“Tudo o que acontece na Escola da Ponte é, antes de mais, ”educação na cidadania”. Quando as crianças pesquisam, investigam e aprendem em grupo e as “mais dotadas” se responsabilizam pelo acompanhamento e o apoio à aprendizagem das “menos dotadas”. Quando as crianças, desde a iniciação, se habituam a pedir a palavra para falar e se habituam a ouvir os outros em silêncio e com a devida atenção. Quando as crianças que julgam saber mais ou ser mais capazes se sentem coletivamente estimuladas a oferecer ajuda e quando as que julgam saber menos ou ser menos capazes não se sentem inibidas de pedir ajuda. Quando as crianças, no debate diário, partilham coletivamente as suas angústias, os seus sonhos, as suas dúvidas, as suas opiniões, as suas propostas, e o fazem, sabendo que vão ser escutadas e respeitadas pelos demais. Quando, no início de cada ano escolar, as crianças se envolvem na eleição dos membros da mesa da Assembleia e quando, de uma forma extremamente empenhada e responsável, promovem a constituição de listas, elaboram, divulgam e discutem os respetivos programas de ação, organizam todo o processo eleitoral e participam na campanha… Quando, todas as sextas-feiras, na Assembleia, as crianças refletem sobre os projetos e os problemas da escola e, solidariamente, procuram contribuir para a sua concretização e resolução… Quando as crianças, todos os anos, contratualizam com os adultos a sua carta de direitos e deveres. Quando as crianças, todos os dias, vivem o exemplo de entreajuda e de estreita e fraternal colaboração dos seus professores.
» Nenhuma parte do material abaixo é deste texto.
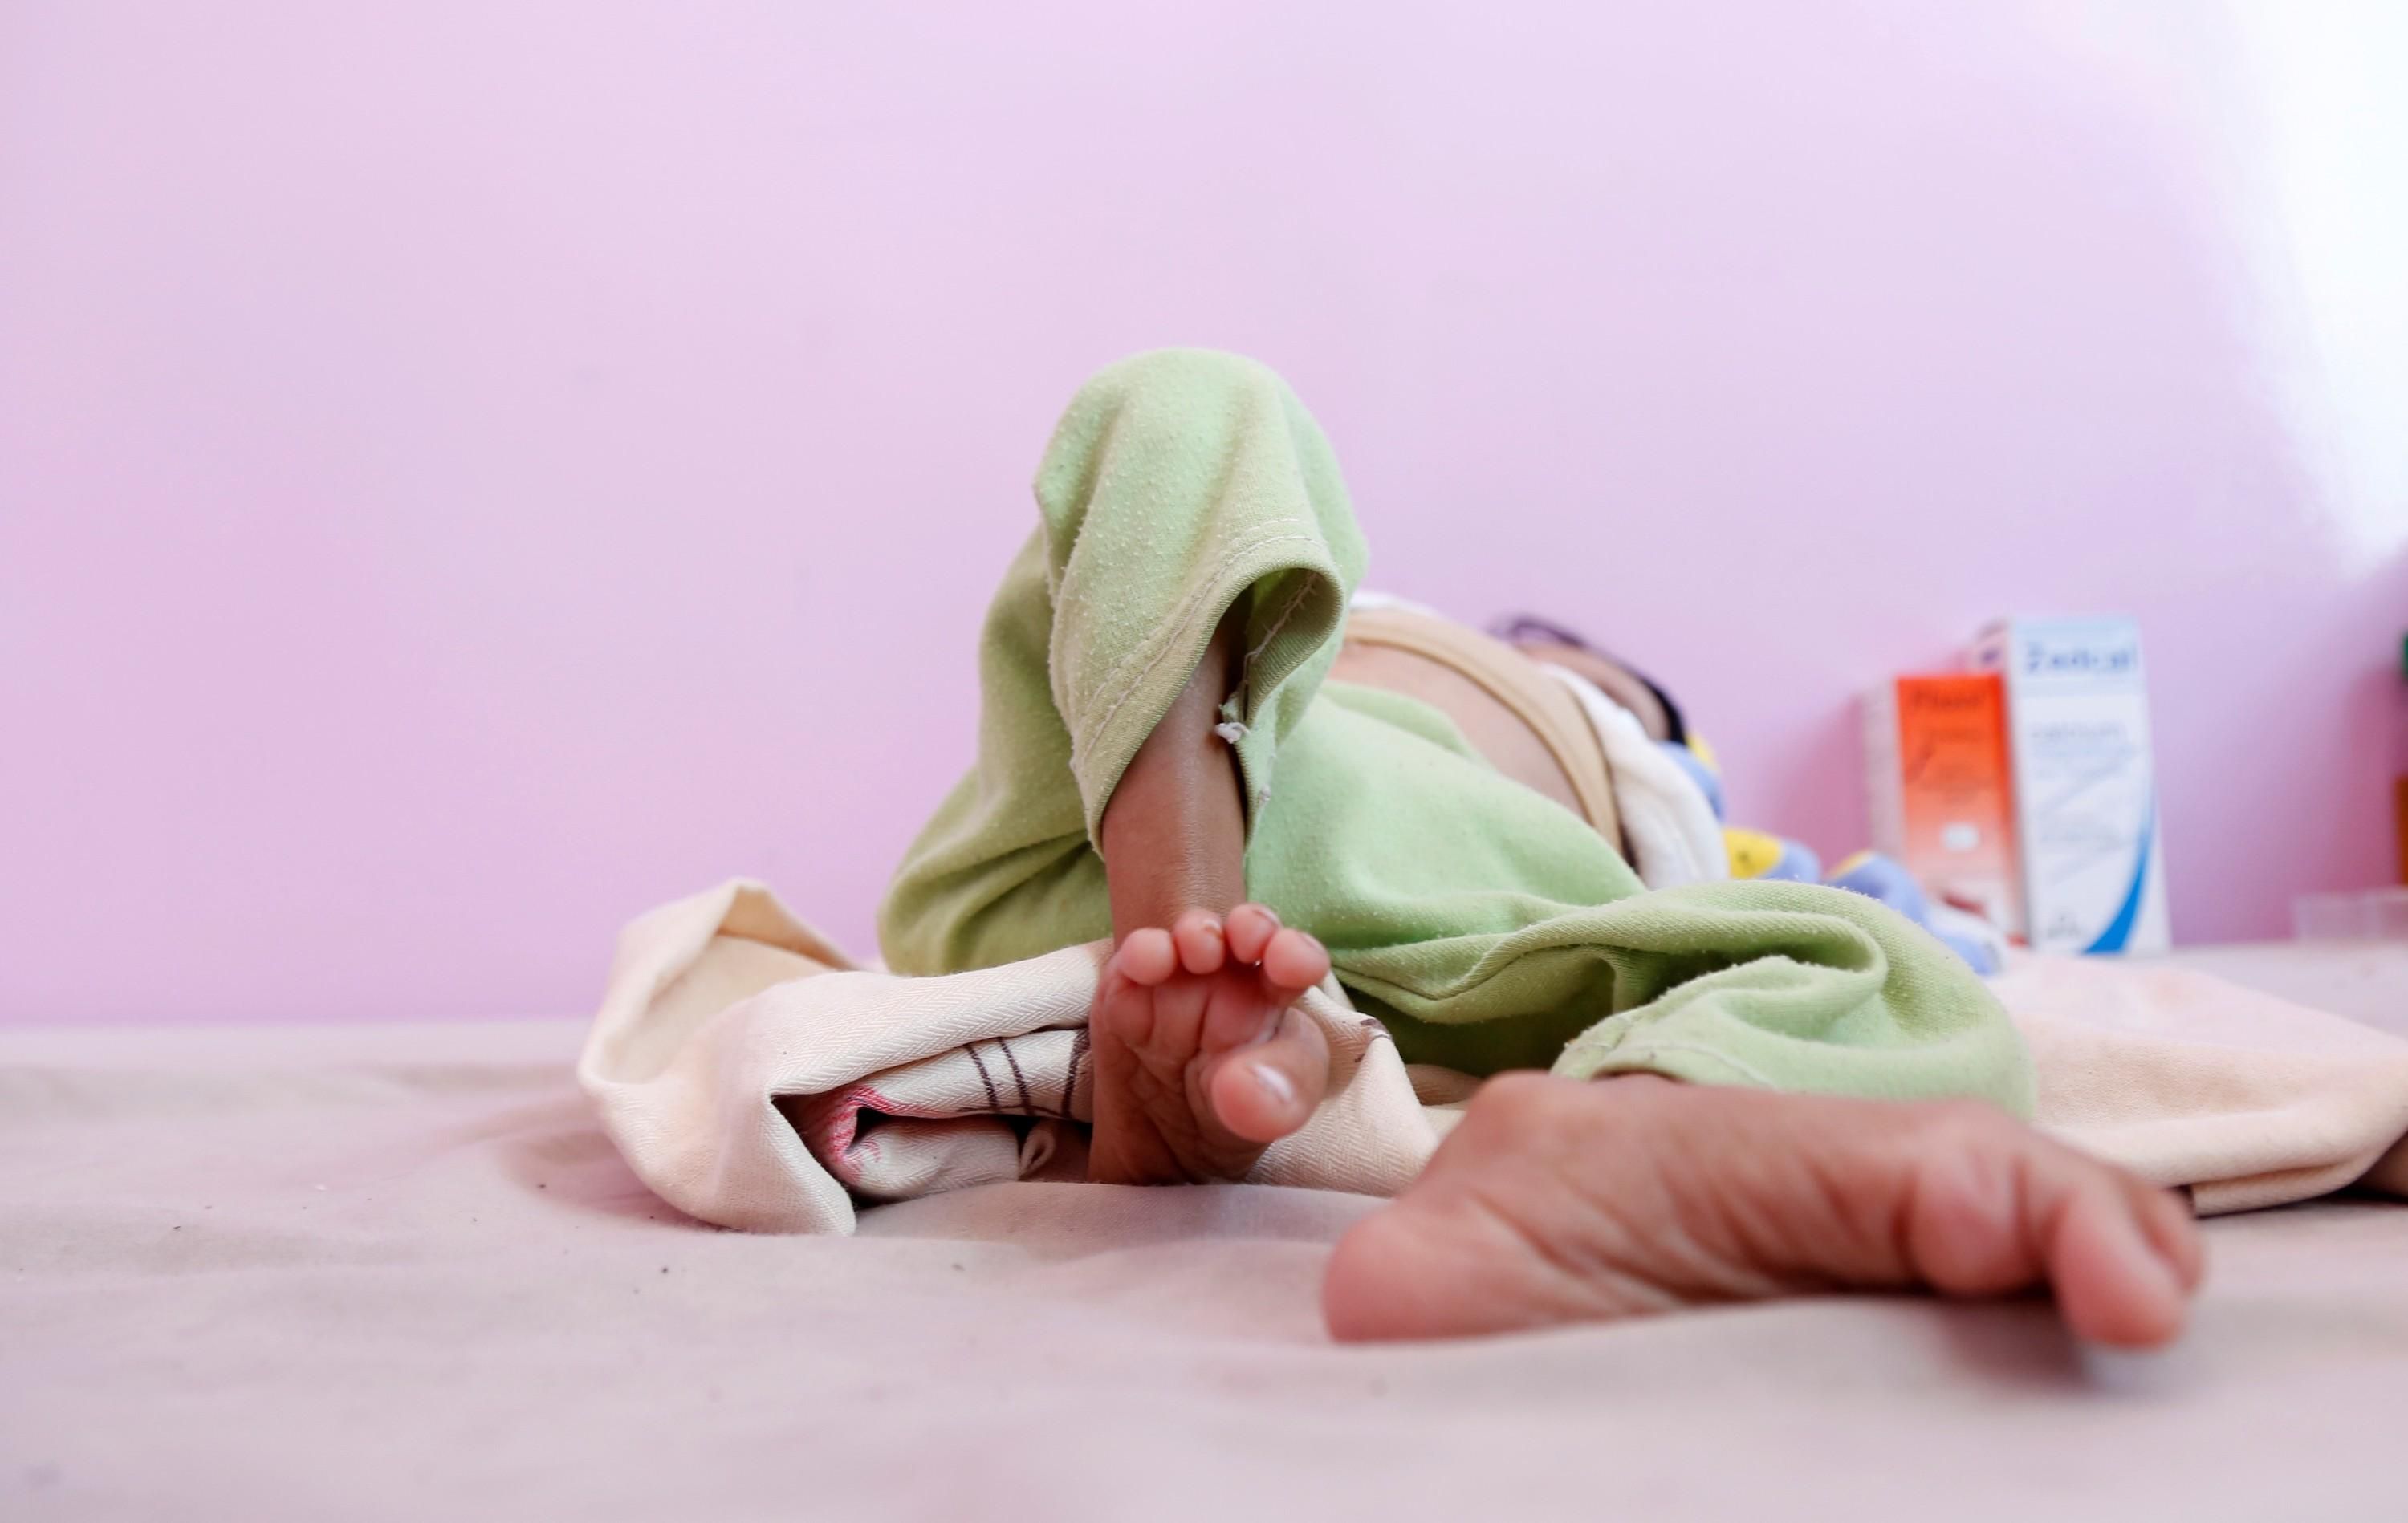 A malnourished child lies on a bed at the malnutrition treating ward in a hospital in Sanaa, Yemen, March 13, 2022.

Quando tudo isto e tudo o mais (que só visto) acontece num ambiente amigável e solidário de aprendizagem, a educação na cidadania é o próprio respirar e sentir da comunidade, não é uma enxertia de conceitos pretensamente civilizadores numa cabeça cujo corpo está em permanente e agressiva disputa e concorrência com os outros… Devemos à Ponte, entre muitas outras, esta lição – educar na cidadania não é o mesmo que educar para a cidadania.
Mas a mais extraordinária, cintilante e desafiadora lição que, porventura, devemos à Escola da Ponte (ainda que nem sempre devidamente enfatizada pelos observadores) tem a ver com a reformulação (absolutamente radical) dos papéis do “professor” e do “aluno”, enquanto membros de uma comunidade educativa.
A primeira grande surpresa que espera o visitante da Ponte é a aparente subversão de um conjunto de mecanismos e rituais que nos fomos habituando a associar à organização e ao funcionamento de uma escola. Na Ponte, tudo ou quase tudo parece obedecer a uma outra lógica. Não há aulas. Não há turmas. Não há fichas ou testes elaborados pelos professores para a avaliação dos alunos. Não há manuais escolares e, menos ainda, manuais únicos para todos os alunos. Não há toques de campainha ou de sineta.
Em certos momentos, o observador mais distraído até poderá supor que, naquela escola, não há professores, de tal modo eles se confundem com os alunos ou são (ou parecem ser) desnecessários.
À medida, porém, que o observador procura ver e compreender melhor o que se passa ali, ele acaba percebendo o sentido de tudo, a tal lógica singular de organização e funcionamento da Escola da Ponte. E percebe que a filosofia subjacente ao projeto pedagógico daquela comunidade é extraordinariamente simples e coerente com tudo o mais.”